A full transcript follows the video.

This video was recorded on July 9, 2018.

Mac Greer: Guys, let's move on to Starbucks. A lot of different news here. We have outgoing executive chairman Howard Schultz saying that the recent slowdown in China would be short-lived. Starbucks also announcing that it's getting rid of plastic straws by 2020.

Jason Moser: [claps] I applaud that plastic straws move! Thank you!

Greer: That's great! We were just talking before the show, Jason, you were saying you're not a straw guy, you don't use straws.

Moser: I'm not. I'm not a straw guy. I feel like that's one of the obvious things that you could either just change, or make it out of something compostable. It's just one of those simple little fixes, I don't know why we haven't done it yet. K-Cups, same thing. How hard is it to produce a fully compostable K-Cup? I don't know! That stuff is all magic to me anyway! But I have to believe someone out there can do it, right?

Greer: You have to believe. If we can put a man on the moon ... Taylor, what do you think of the Starbucks news?

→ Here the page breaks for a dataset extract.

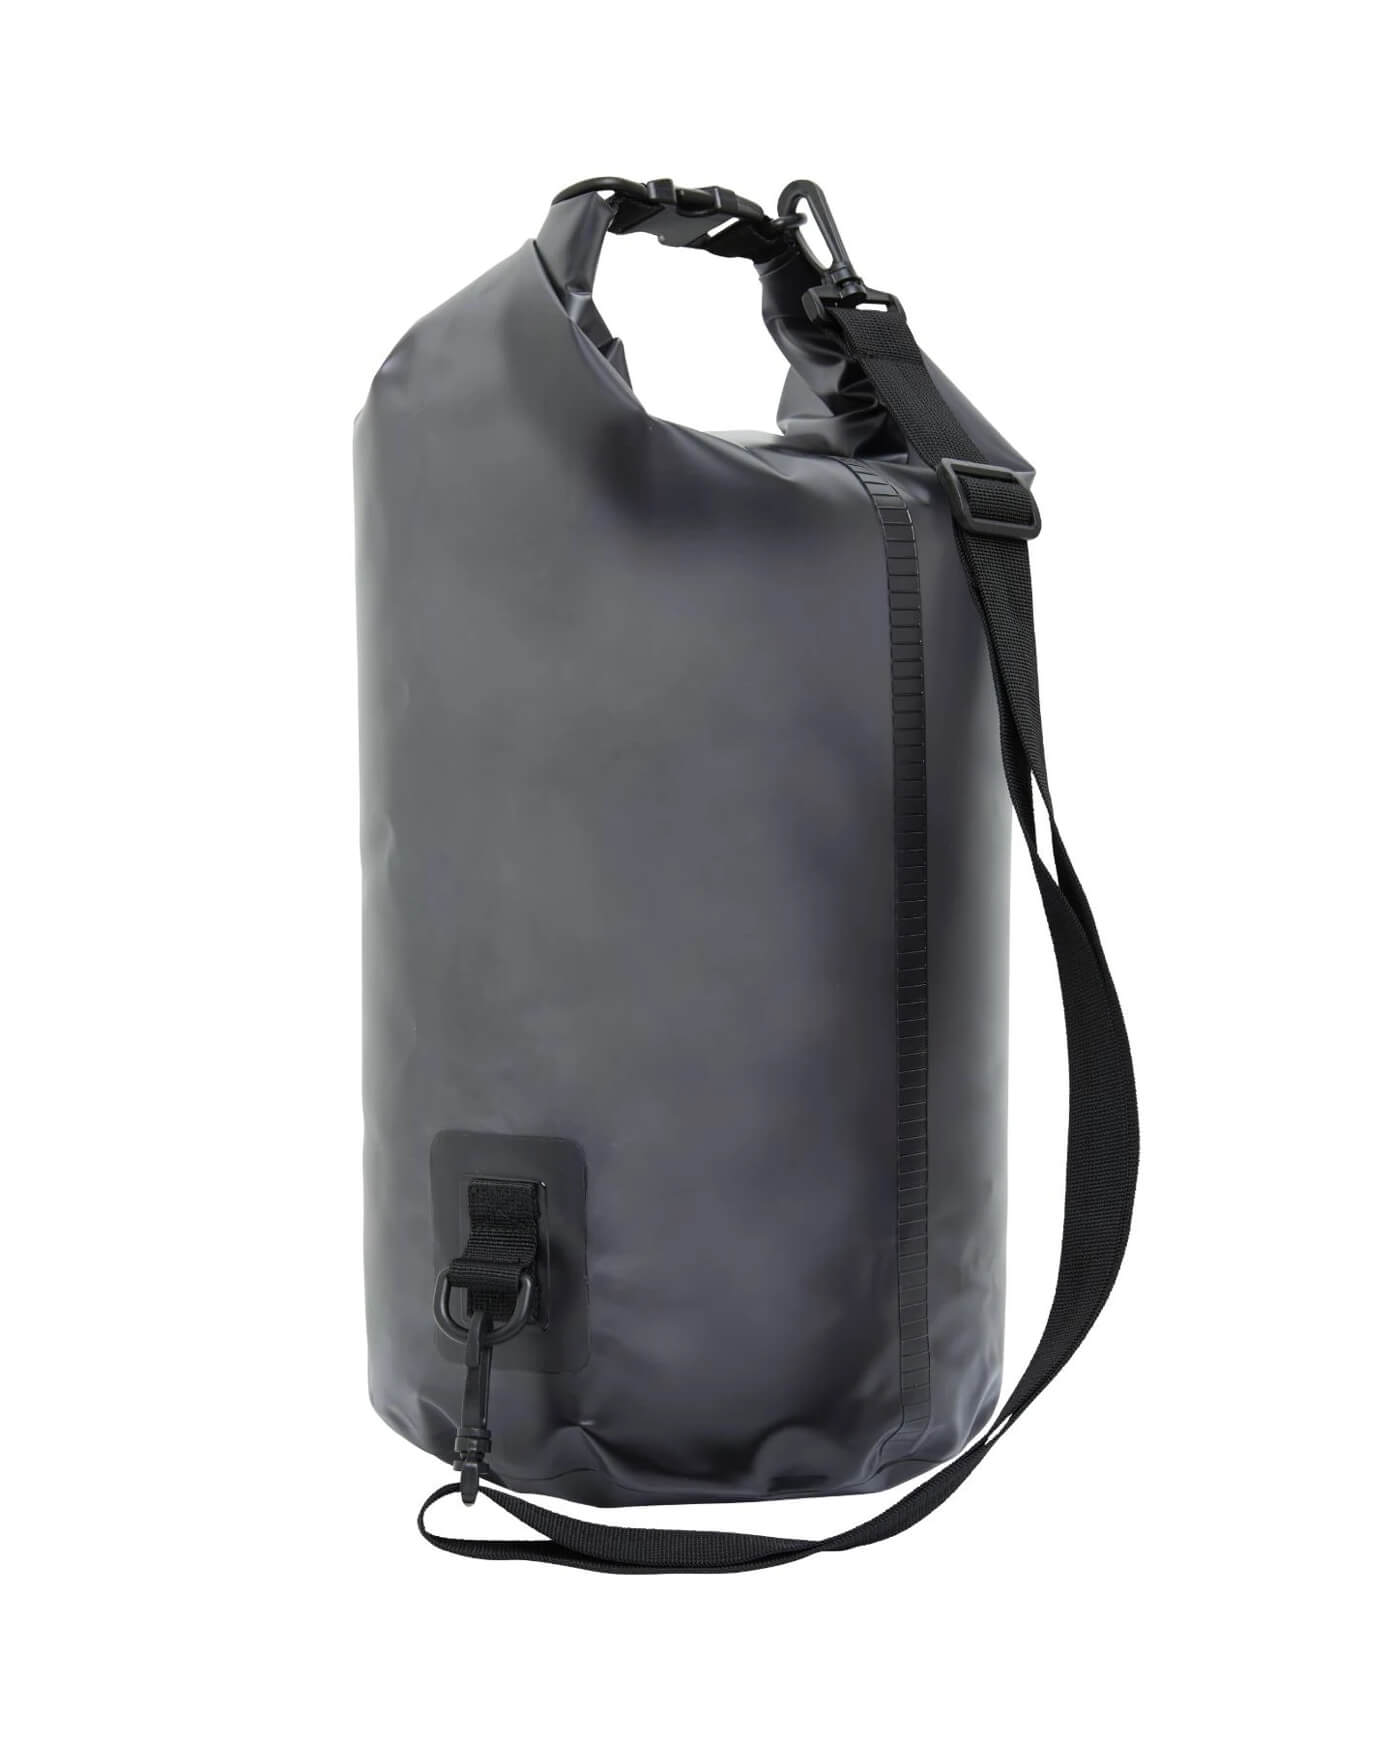 Buy Wetsuit Dry Bag - Black by O'Neill online - O'Neill Australia

Taylor Muckerman: I wonder if straws were even big back when we put the first man on the moon. When did the first straw come out? I don't know, McDonald's, probably --

Greer: This is a bit of a digression, but when I was a kid -- there are going to be two or three listeners who will know this reference -- there were these things called Krazy straws.

Moser: Oh, yeah!

Muckerman: Oh, sure.

Greer: That would be the one exception. I would say that they should eliminate all straws but have Krazy straws.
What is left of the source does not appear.